* **Work request**: Output the whole listing exactly, except for the pictures in it.

* **The data**:
==================================================

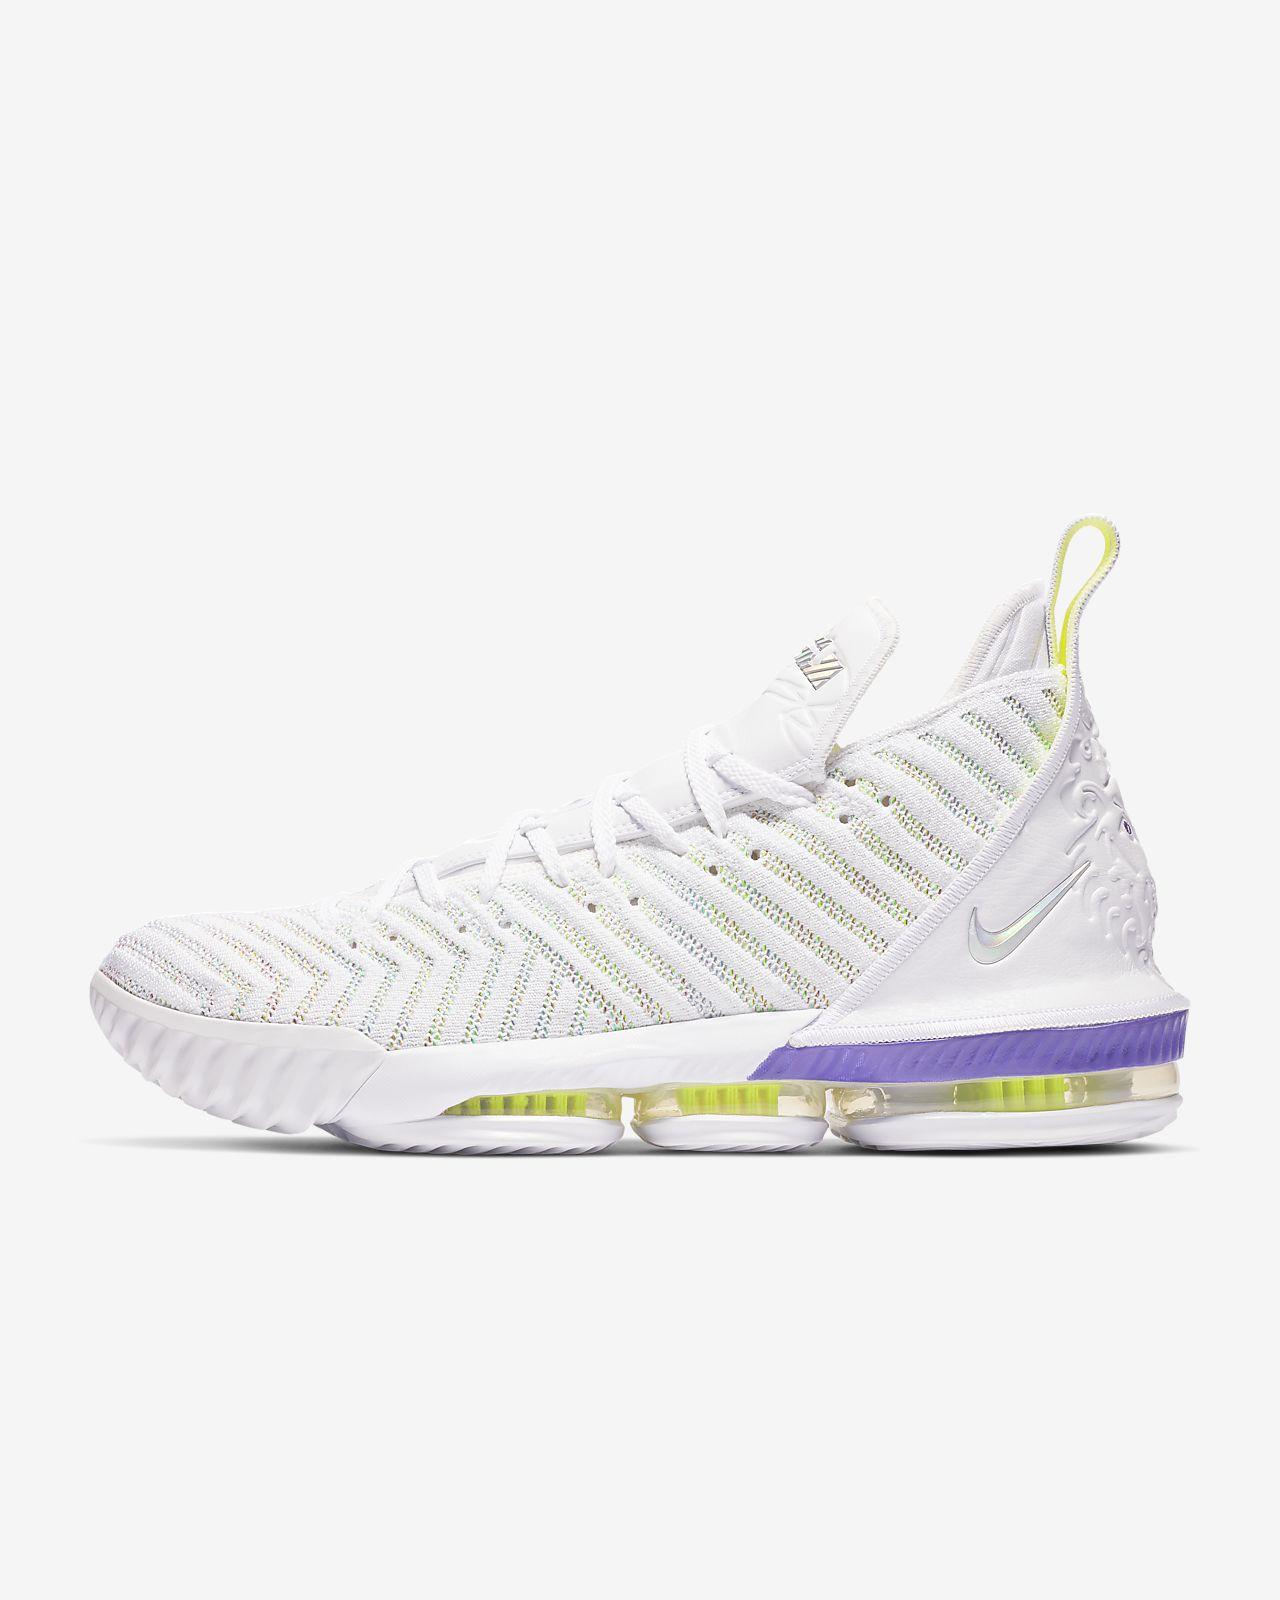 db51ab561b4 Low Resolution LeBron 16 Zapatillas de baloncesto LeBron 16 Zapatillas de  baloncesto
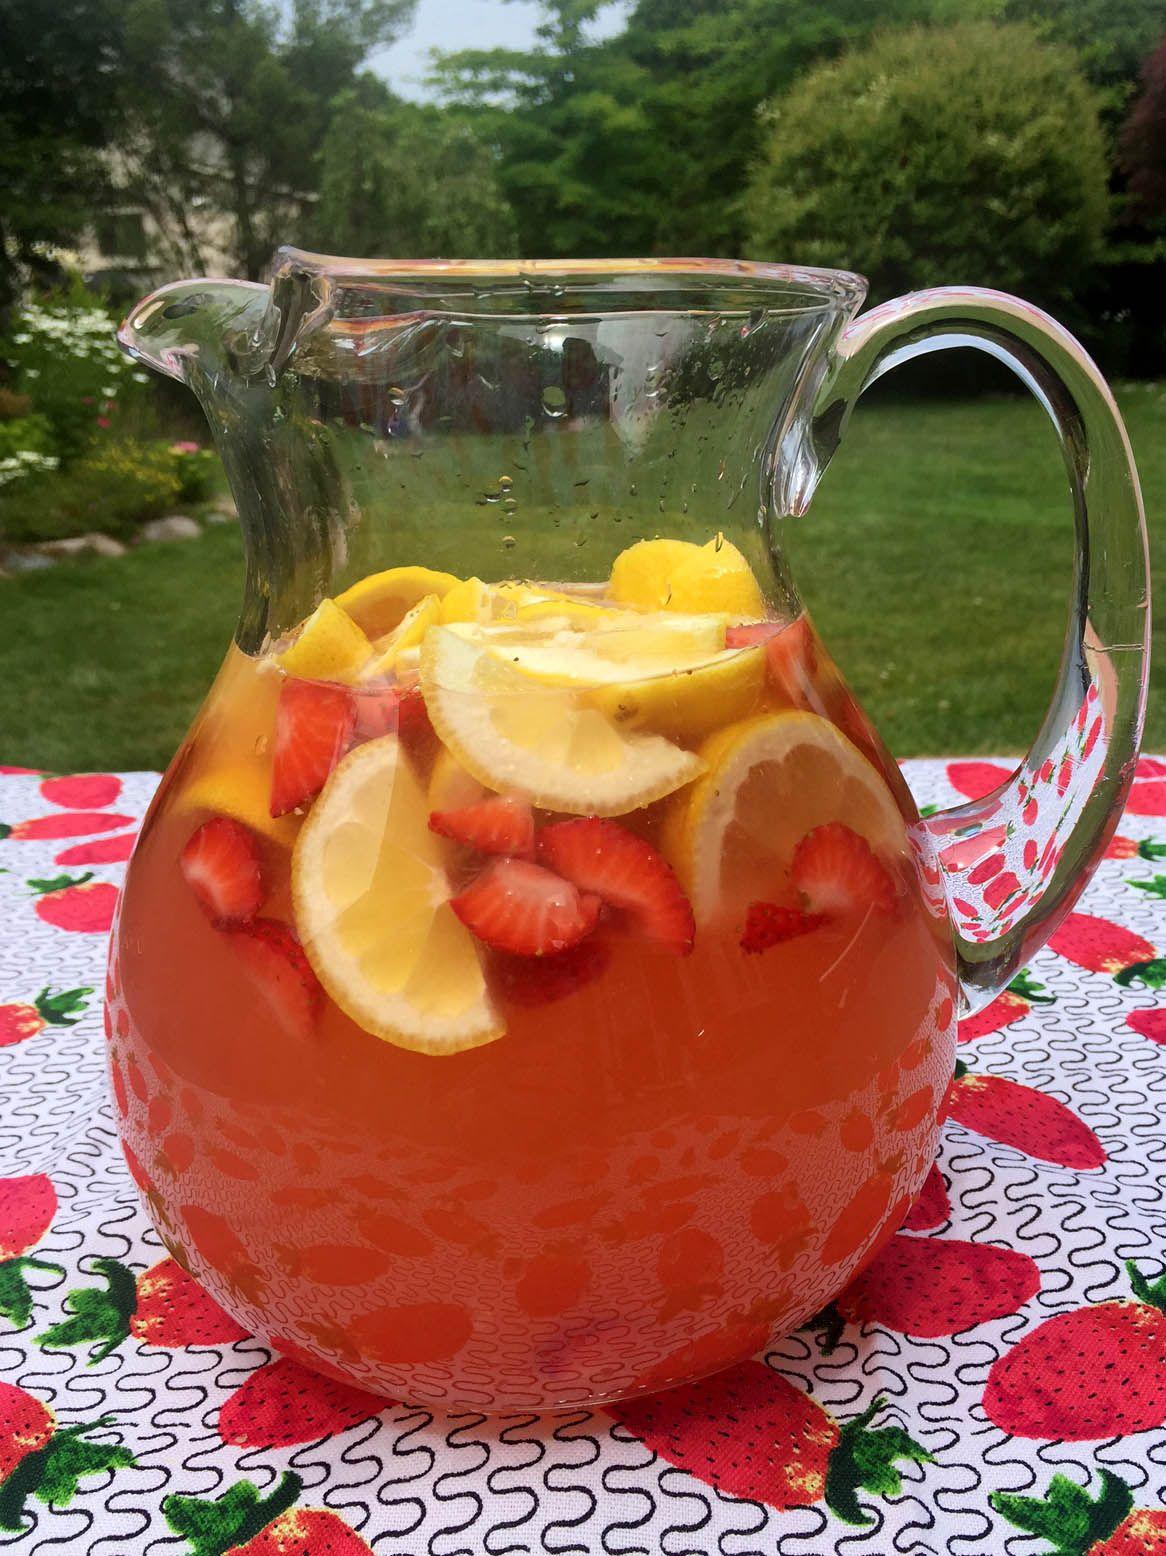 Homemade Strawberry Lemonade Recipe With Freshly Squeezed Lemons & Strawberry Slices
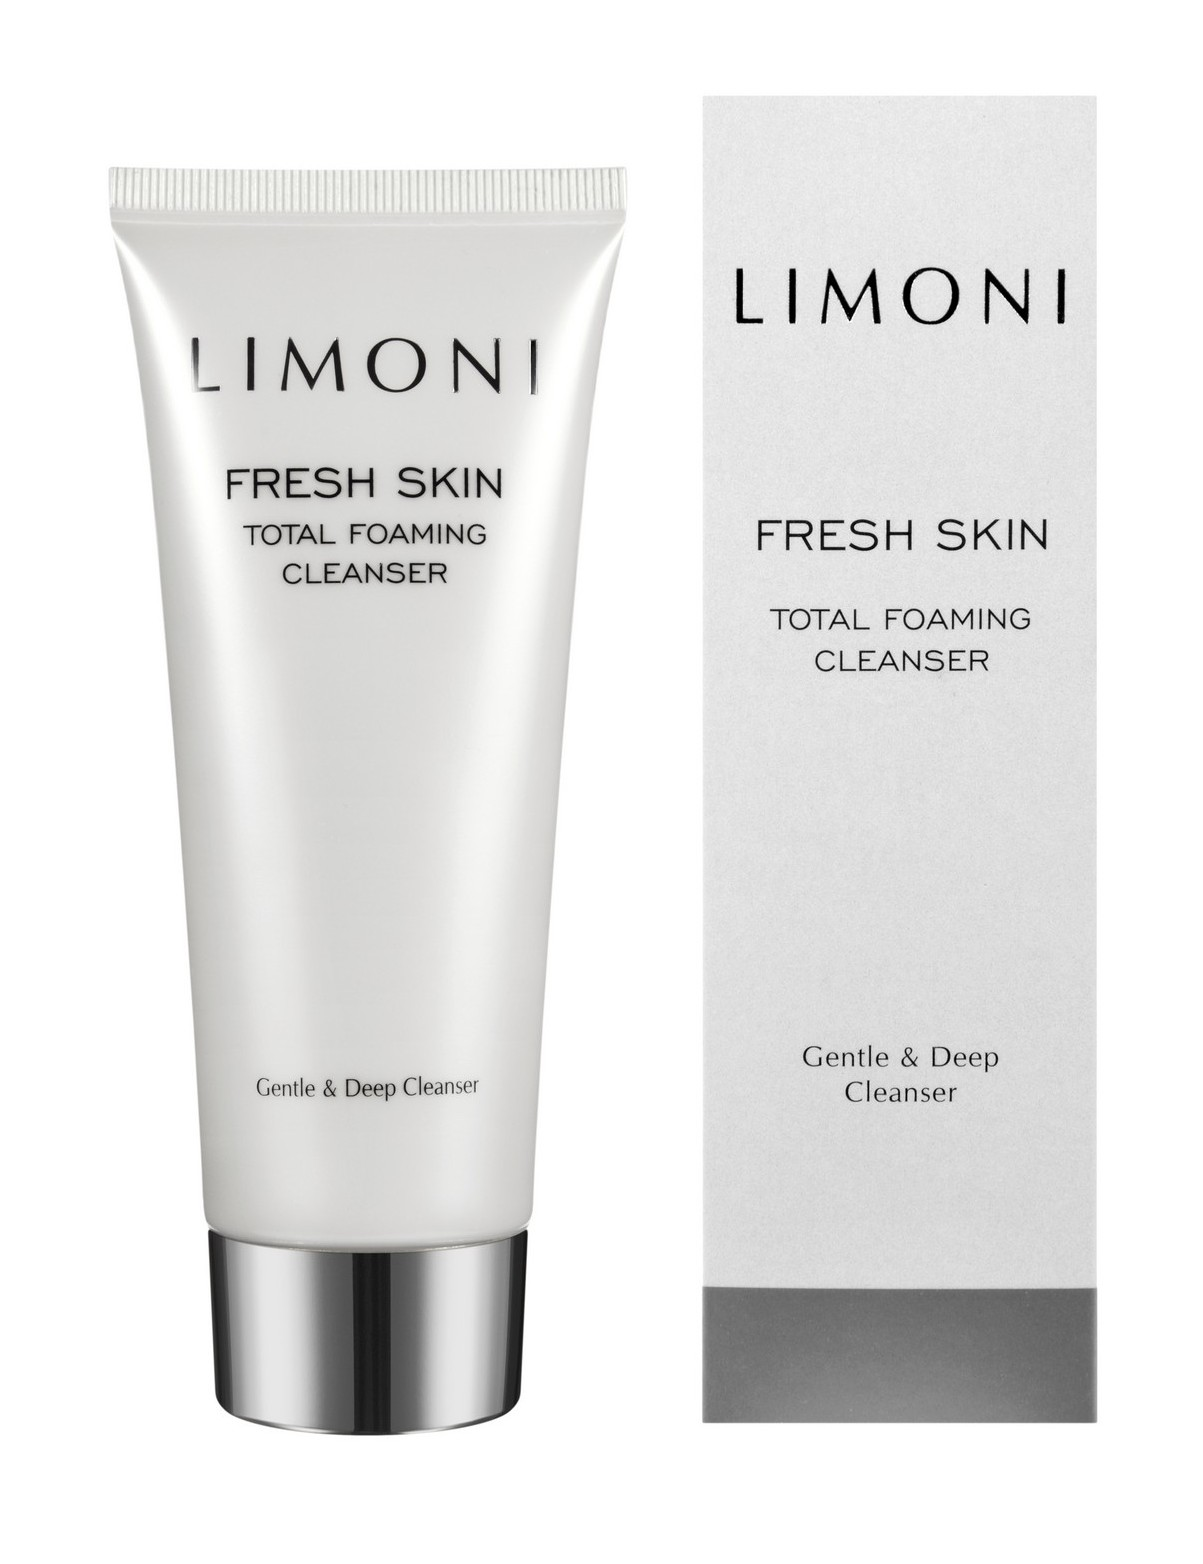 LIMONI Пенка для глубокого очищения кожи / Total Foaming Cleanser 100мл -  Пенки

==================================================

* **Answer space**:
 db51ab561b4 Low Resolution LeBron 16 Zapatillas de baloncesto LeBron 16 Zapatillas de  baloncesto
 Homemade Strawberry Lemonade Recipe With Freshly Squeezed Lemons & Strawberry Slices
 LIMONI Пенка для глубокого очищения кожи / Total Foaming Cleanser 100мл -  Пенки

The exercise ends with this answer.